For accounting periods or tax years starting after:

Type of business:

5 April 2018

Businesses under VAT registration threshold and individuals with secondary income of more than £10,000

5 April 2019

VAT registered businesses

1 April 2020

Companies

This approach; starting with the smallest and least sophisticated businesses, was challenged by the accountants present as being the wrong way round. HMRC was urged to start quarterly reporting for businesses which have the greatest capability to cope i.e. large companies with in-house tax departments.

What will be reported?

What type of data will be reported quarterly: A summary of receipts and payments or the detail of every single business transaction? – HMRC doesn’t know; as no decision has been made. This response calls into question how HMRC can be negotiating with software providers (see below) as this fundamental point has not been decided.

HMRC believes that businesses won’t have to hire tax professional to do quarterly updates. This implies that all business data items will be submitted (every invoice issued and receipt for expenses), with no analysis of whether the items submitted are tax deductible or not. The HMRC mantra is: “reporting to HMRC closer to real time will reduce errors”. Exactly how more frequent reporting will reduce errors was not demonstrated.

Tax agents’ involvement  

Every business will have access to an HMRC digital tax account from April 2016. Tax agents will be able to manage their clients’ digital accounts. Work to give tax agents access to those accounts is being synchronised with Agent Online Self-Serve (AOSS).

At present AOSS is being piloted with tax agents who have no more than 200 clients. HMRC could not say when AOSS will be available to all tax agents, as currently that programme appears to be running behind its predicted schedule.

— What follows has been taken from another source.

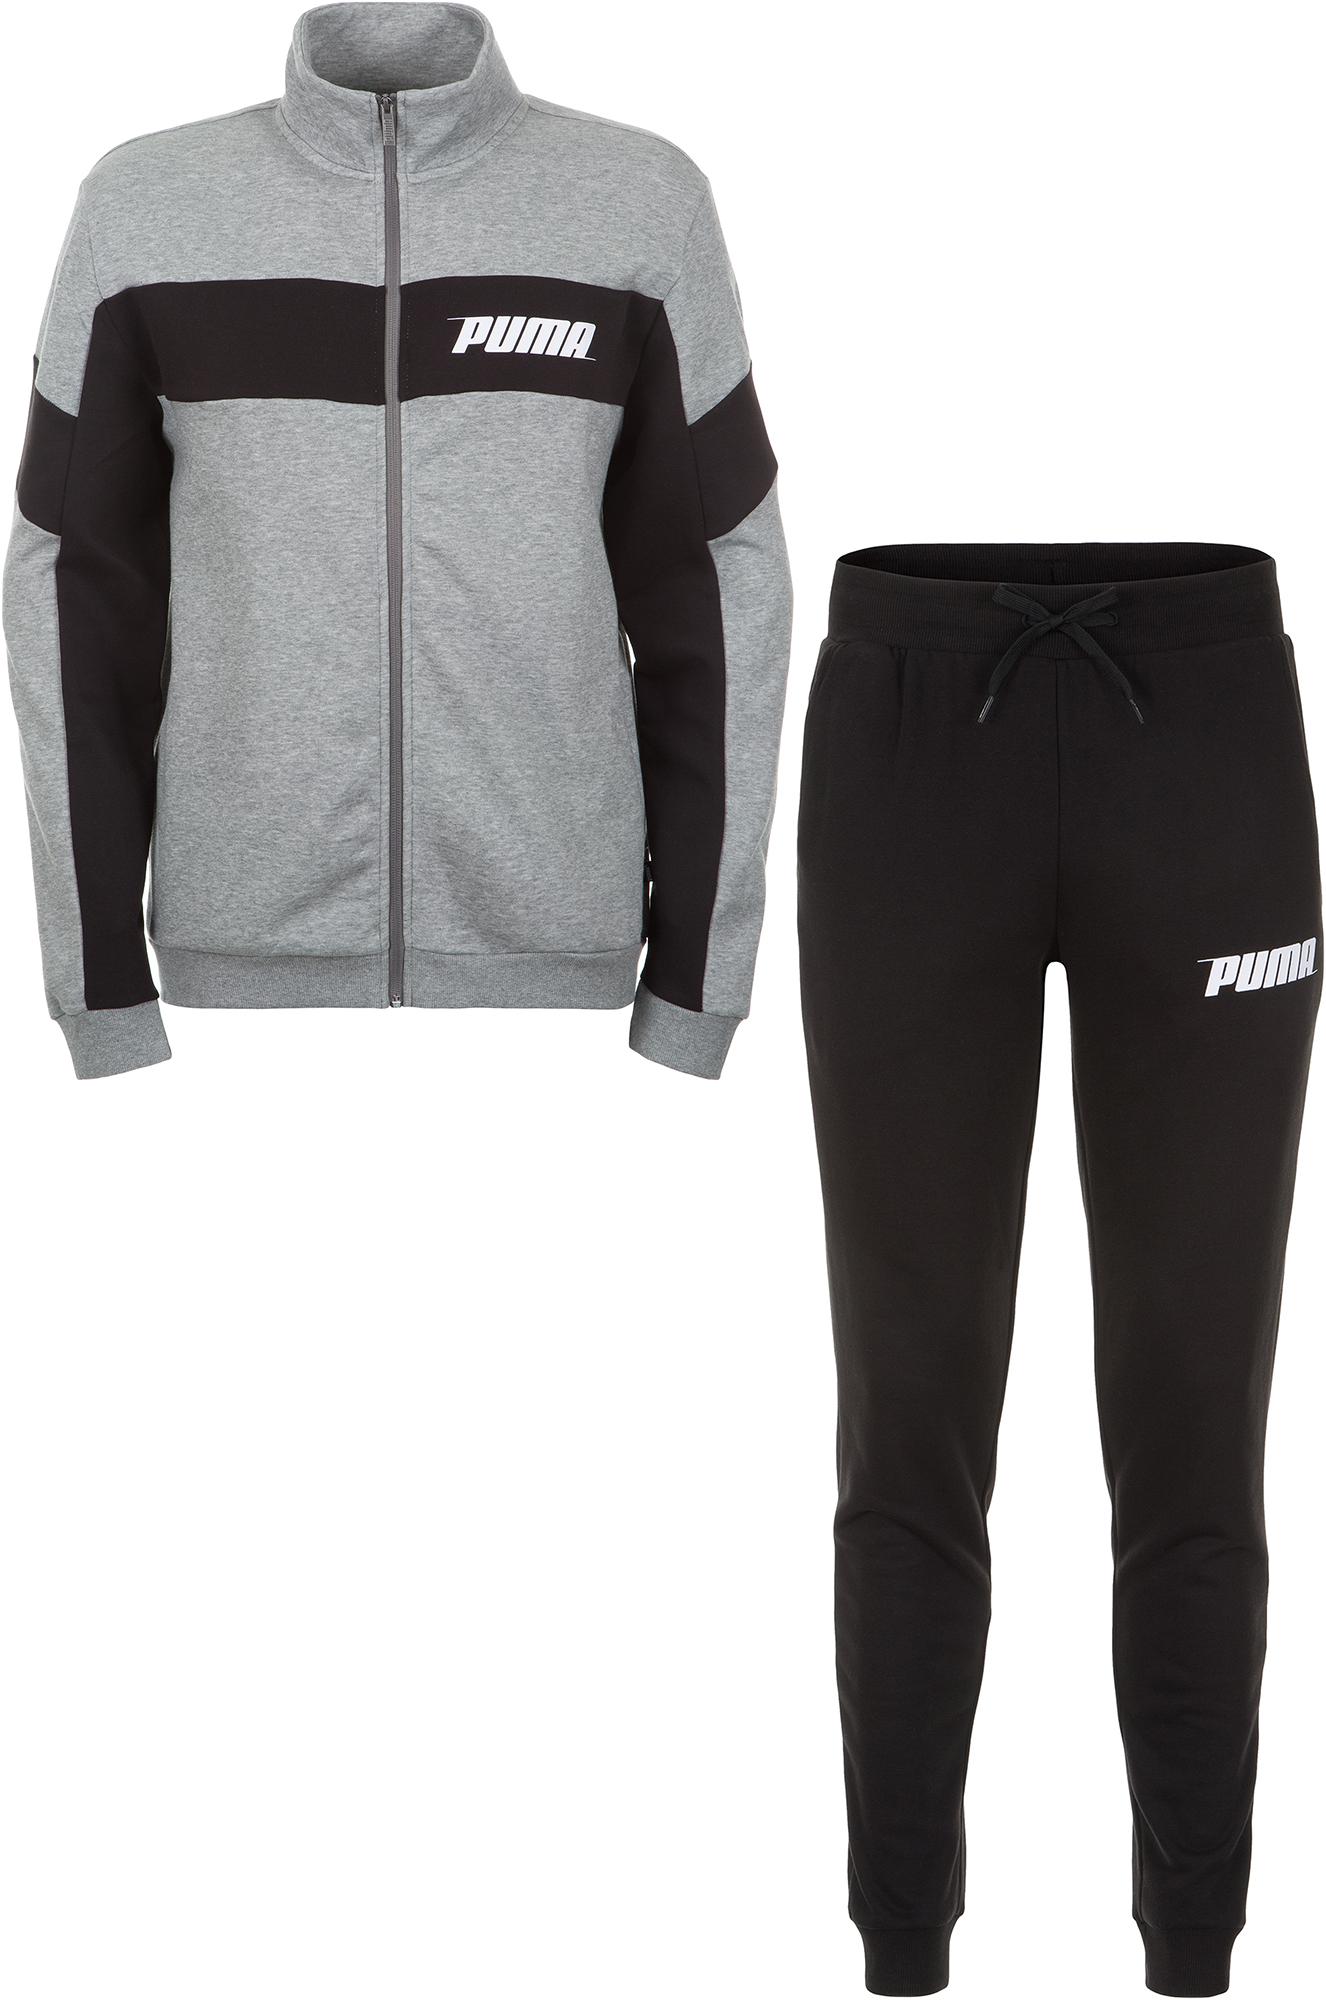 Puma Костюм спортивный мужской Puma Rebel, размер 50-52

It was not clear when tax agents will be given access to clients’ digital tax accounts, or even that all tax agents would be given access from the same date. The accountants asked for access to clients’ digital tax accounts from April 2017, when the first businesses are expected to start trailing quarterly reporting.

Software

HMRC is consulting with commercial software providers to provide free software for smaller businesses and for those with less complex tax affairs. There is no definition of “smaller” or “less complex” in this context as yet.

The HMRC vision is that the software will flag-up data items which are potentially wrong and HMRC will send a personalised message to taxpayer as guidance.

Ona accountant asked: What research has HMRC had done as to the types of software already used to record business transactions? It was emphasised that many businesses used spreadsheets, or bespoke software, as there is no commercial software available for their particular form of business, e.g. financial advisers.  

Penalties

Will penalties be imposed for late quarterly reporting or for inaccurate reports, or both?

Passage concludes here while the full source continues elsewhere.